Критика косвенно относилась и к Ильину, но он счел за лучшее не обращать на нее внимания. Гребцов им предстояло сменить только на противоположной стороне Ильменя.
Как только ладья вылетела на озерную гладь, Истома весело распорядился:
— Суши весла!
Гребцы разом подняли лопасти на воздух и, подождав с минуту, пока с них стекут струйки ильменской воды, побросали весла на скамьи. Двое принялись деловито поднимать красный парус с желтым солярным знаком. Ильин кивнул на изображение и полувопросительно сказал:
— Даждьбог…
Рулевой заговорщически подмигнул ему и проговорил:
— Уже епископ-от подъезжал: зачем не крест святой на парусах нашиваете? А мы ему: несвычно, владыко… Опять же у варяг это в обычае — у тех, мол, еще и пострашнее чего увидишь, драконью голову ощеренную… Ну, сам понимаешь, супротив дружины — а она, почитай, наполовину из варяг, — не попрешь… Отвязался.
— Ему теперь не до парусов, — заметил молодой долговязый гребец. — В Деревской да Шелонской землях, люди бают, церкви христьянские где пожгли, где пограбили, а те, что целы остались, — впусте стоят…
Земли — так звались в Новгороде округа, подчиненные власти веча, действительно жили еще по старым языческим порядкам. Приходившие из волостей торговцы рассказывали, что люди наотрез отказываются погребать мертвых по новым обрядам, им диким казалось, что их плоть будут пожирать безглазые твари. Податель жизни огонь, которому предавали останки, как бы обеспечивал возрождение человека в другой жизни, превращая земную плоть в иную субстанцию.
В каждом событии, в каждом крупном явлении окружающего бытия славяне-язычники видели отголоски иного мира. Как-то, выслушав рассказ о свадебных обычаях дальней обонежской земли, Ильин неожиданно для себя процитировал пришедшее на память стихотворение Владимира Соловьева:
Собеседник, пожилой кряжистый купчина, пораженно умолк.
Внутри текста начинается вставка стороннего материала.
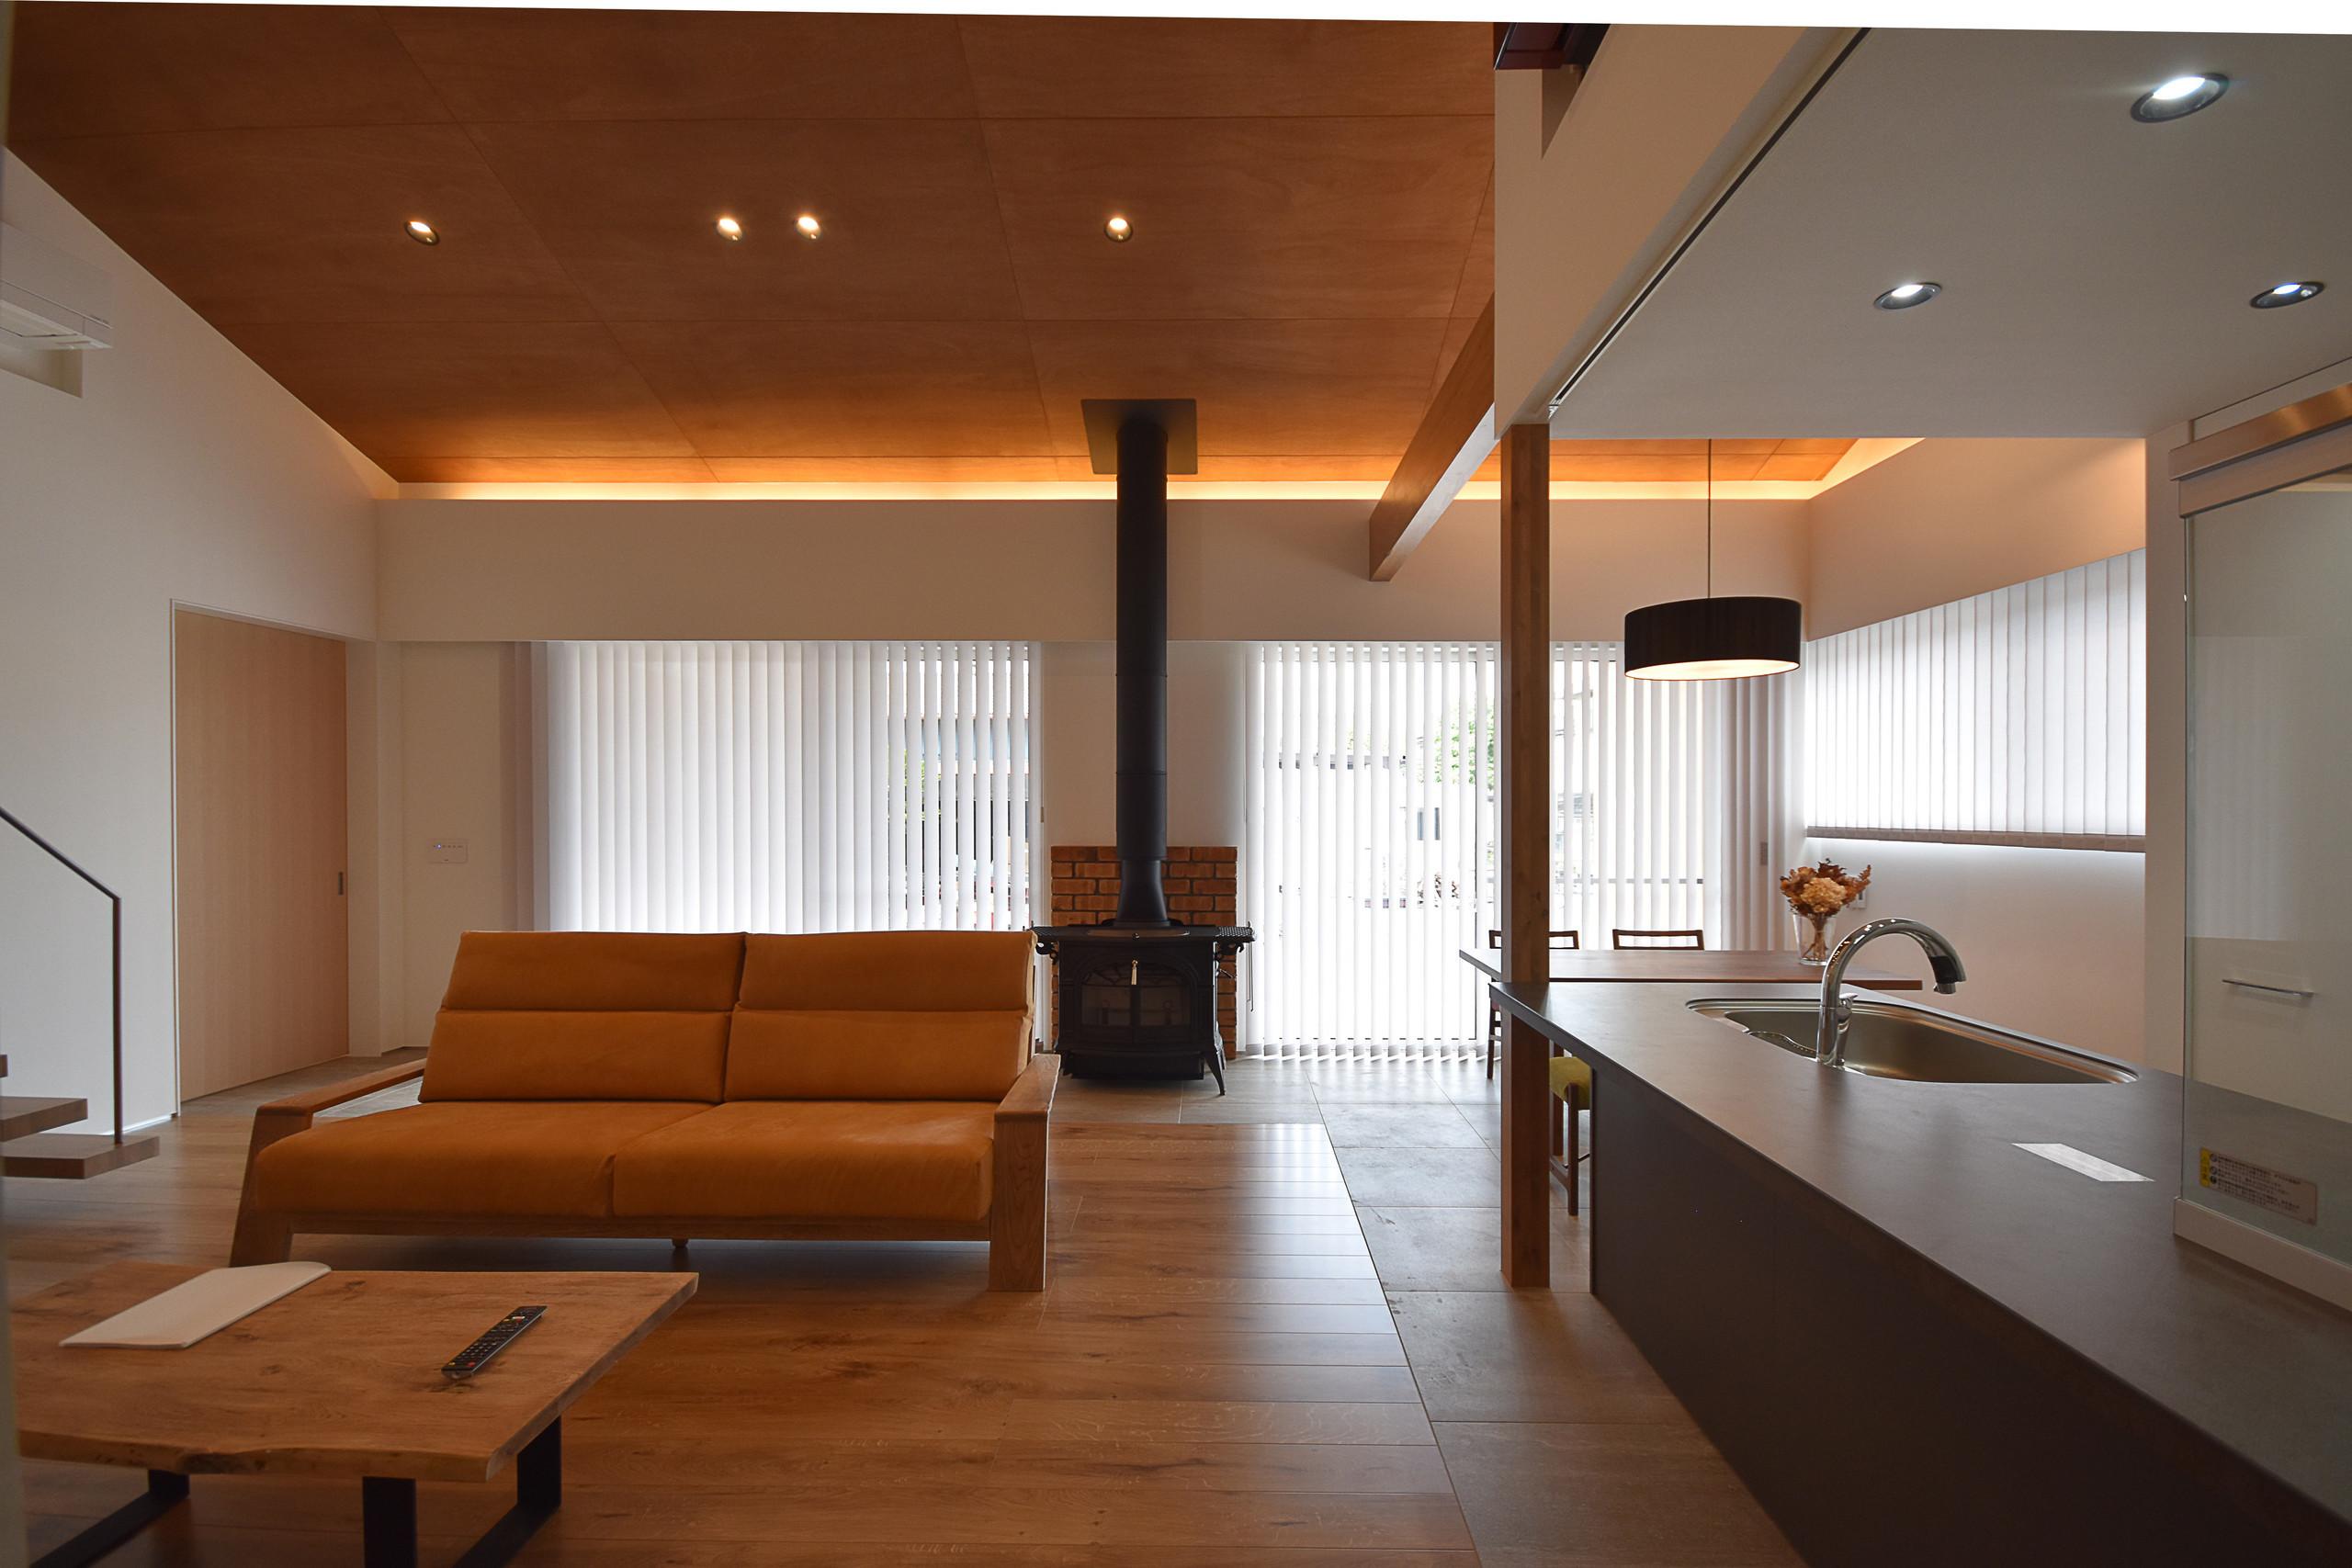 高林南の家_群馬県太田市の建築事例写真

Мелодично льющаяся речь, каким-то чудодейственным образом претворенная из обыденной, всегда действовала на людей этой эпохи подобно магическому заклинанию. Собственно говоря, назначение поэзии так и понималось: сообщить высшим силам о желаниях и надеждах людей. Оттого и непохожесть высокого слога сказителей и жрецов воспринималась как должное — негоже с богами изъясняться на будничном наречии.
Повседневная речь славян оказалась куда ближе к разговорному языку двадцатого века, чем мог раньше судить Ильин по письменным памятникам. Книжное слово всегда воспринималось древними как некая аналогия священного косноязычия шаманов и прорицателей. Тем более что авторами книг целые века были исключительно монахи и священники — конкуренты поверженной религии. Им собственным творчеством необходимо было доказывать свою приобщенность к мистическим стихиям, к невидимому миру.